GPT-5は博士号レベル!難問数学・学術ベンチでトップ水準の正答率
まず注目すべきは、Humanity’s Last Exam(HLE)での結果です。HLEは言語学からロケット工学まで100を超える分野・約3,000問の「専門家レベル」の問題で構成される、新たなAI総合評価試験です。
この試験において、GPT-5はツールなしで24.8%の正答率を記録し、前世代モデルのo3(14.7%)を明確に上回りました。このことは、GPT-5が特定の専門分野に限定されない、広範かつ高度な知識を「純粋な推論力」で底上げしたことを示しています。
さらにGPT-5 Proのツールありは42.0%という驚異的なスコアを残しています。
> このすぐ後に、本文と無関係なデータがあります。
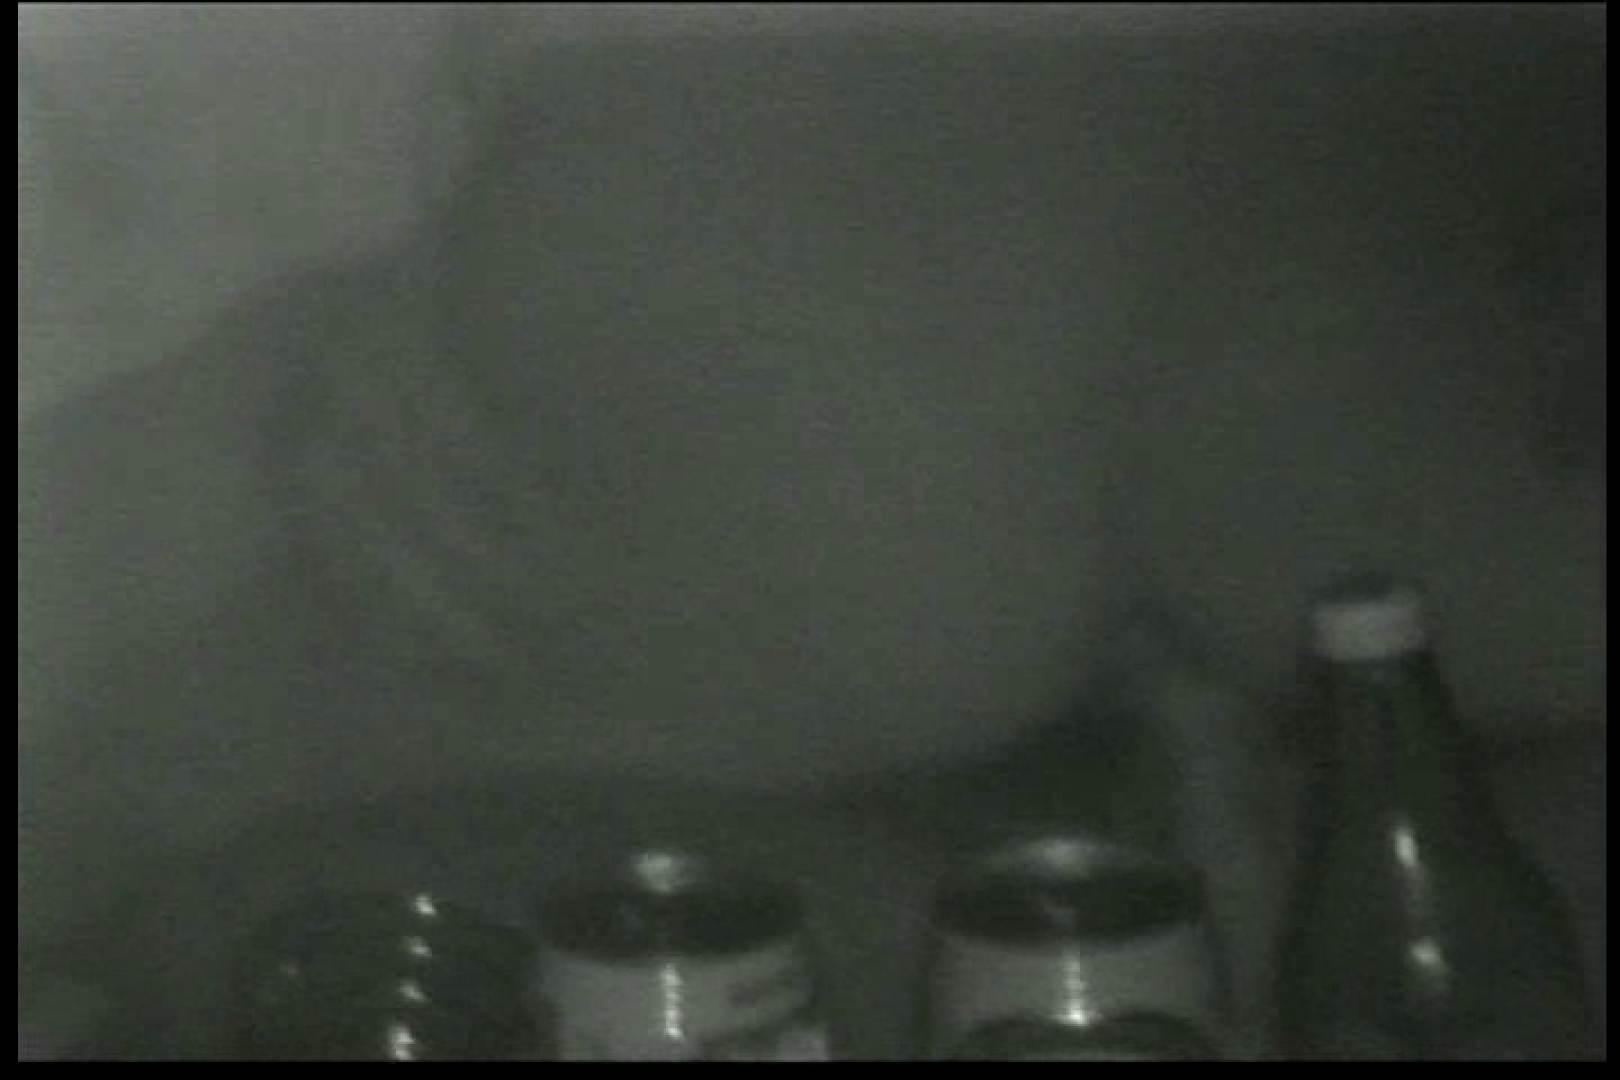 車の中はラブホテル 無修正版  Vol.12 車の中のカップル エロ画像 93画像 92

さらに、GPT-5の「深い推論力」を示す象徴的なベンチマークがGPQA-Diamondです。GPQA-Diamondは博士号レベルの科学問題を対象とした極めて厳格な評価ですが、ここでGPT-5 Proはツールなしで88.4%というSOTA(最高スコア)を達成しました。
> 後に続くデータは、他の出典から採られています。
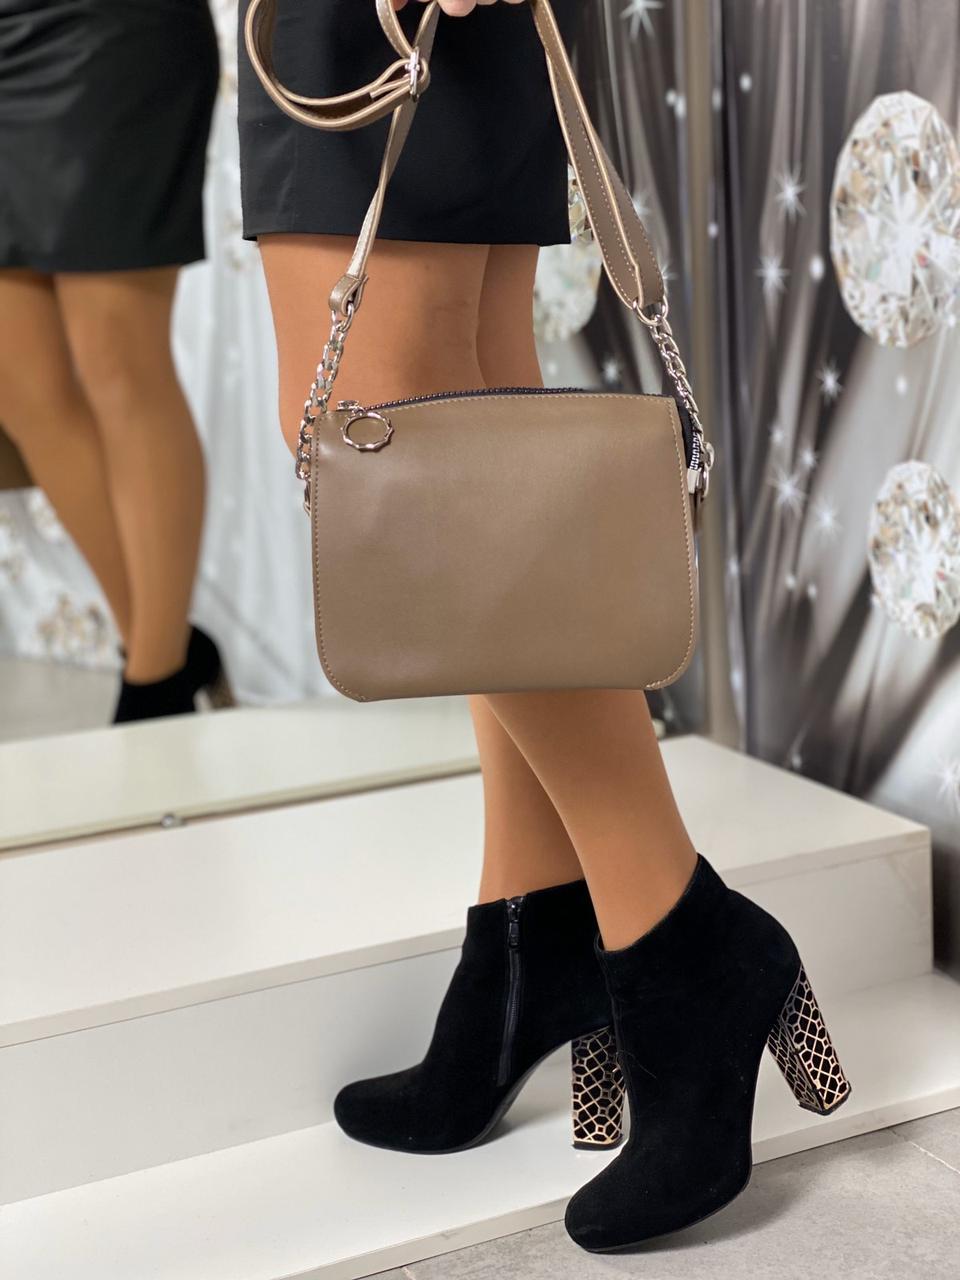 Маленькая женская сумочка через плечо клатч кросс-боди сумка на цепочке капучино экокожа

OpenAI自身も、GPT-5について「博士号レベルの知性に近い手応え」と位置づけており、難易度の高い科学領域における卓越した到達点を裏づけています。
また、「正答を導く力」の基盤も一層強化されています。競技数学の定番であるAIME 2025では、GPT-5 Proがツールなしで96.7%という非常に高い正答率を示し、数式展開や複雑な計算処理を伴うFrontierMathでも、Python使用可能な条件下で32.1%までスコアを伸ばしました。
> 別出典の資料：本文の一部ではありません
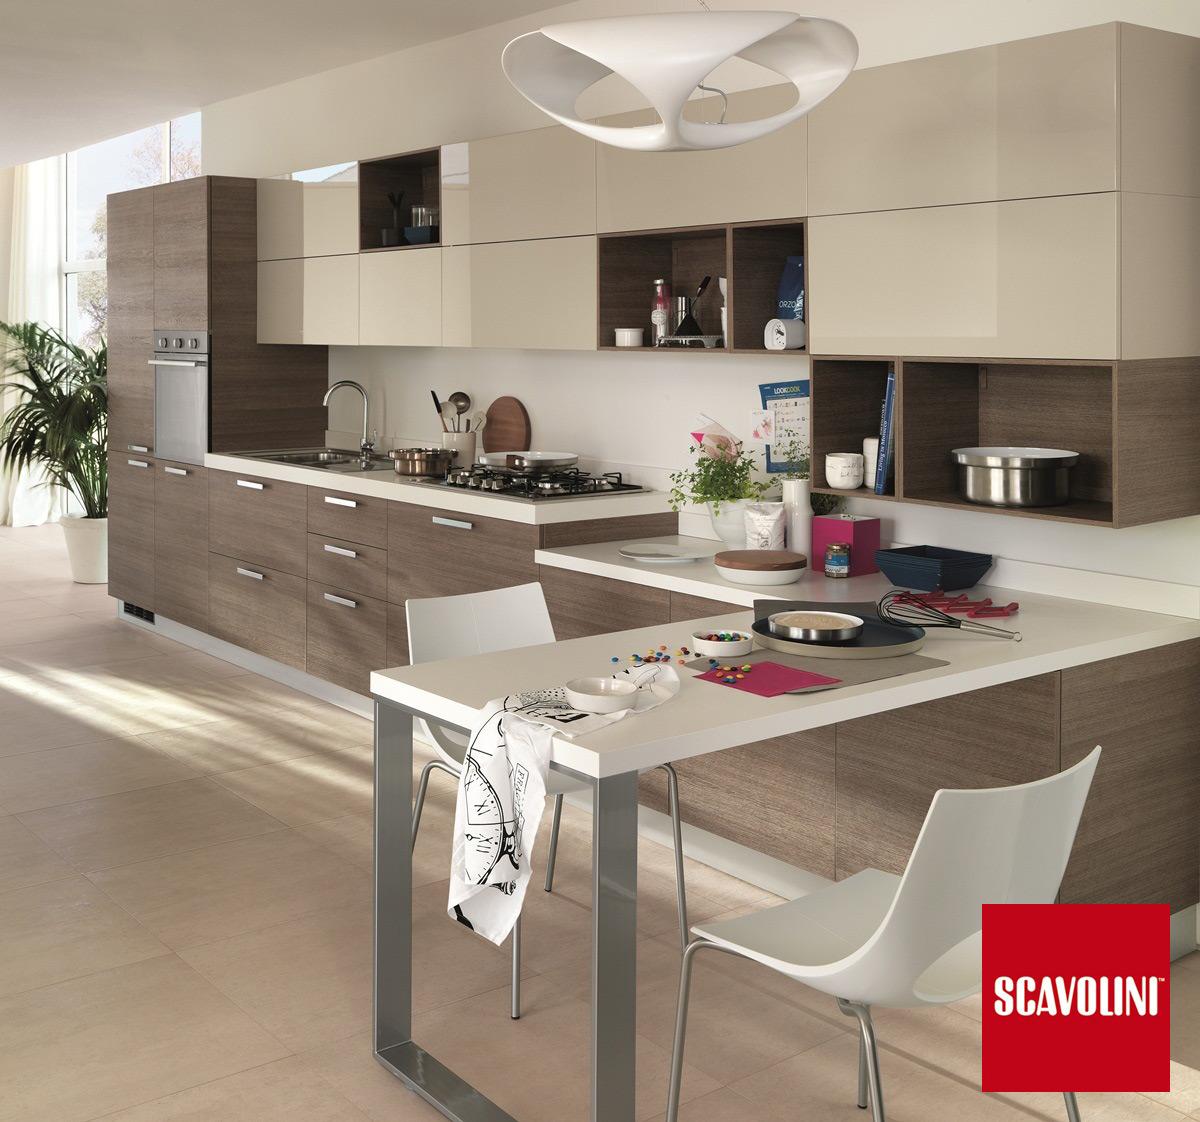 Cucina scavolini sax san gaetano arredamenti for Cucine catalogo

「ツールなしでの純粋推論」の強さと「計算を伴う課題」への対応力の双方を兼ね備えた二面性こそが、GPT-5の実務面での高い適応力につながっています。
GPT-5はハルシネーション(幻覚)を大幅に低減
OpenAIはGPT-5の開発にあたり、従来の「短文・定型QA」中心の評価手法では実際の運用時に生じる「長文における事実誤認」を正確に測れないという課題を解決するため、長文の自由回答を対象とした新たな事実検証ベンチマーク「LongFact」と「FActScore」を設計・公開しました。
これらの新ベンチマークは、検索機能を組み合わせた大規模言語モデル(LLM)による自動採点方式を採用しており、回答内の個々のファクトを効率的かつ高精度で検証できるため、実世界での精度評価をより現実に近い形で行うことが可能です。
こうした新ベンチマークによる評価の結果、GPT-5のthinkingモードにおける誤情報率は、OpenAI o3と比べると約80%も低減しました。

複雑な自由回答の場面でも「分からないことは分からない」と明確に伝え、必要に応じて根拠を示すため、実務上の引用や意思決定支援における信頼性が大幅に向上しました。
GPT-5のコーディング能力は実務レベルで大幅向上
GPT-5はSWE-bench Verifiedで74.9%、Aider polyglotでは88%と、これまでの最高スコアを達成しました。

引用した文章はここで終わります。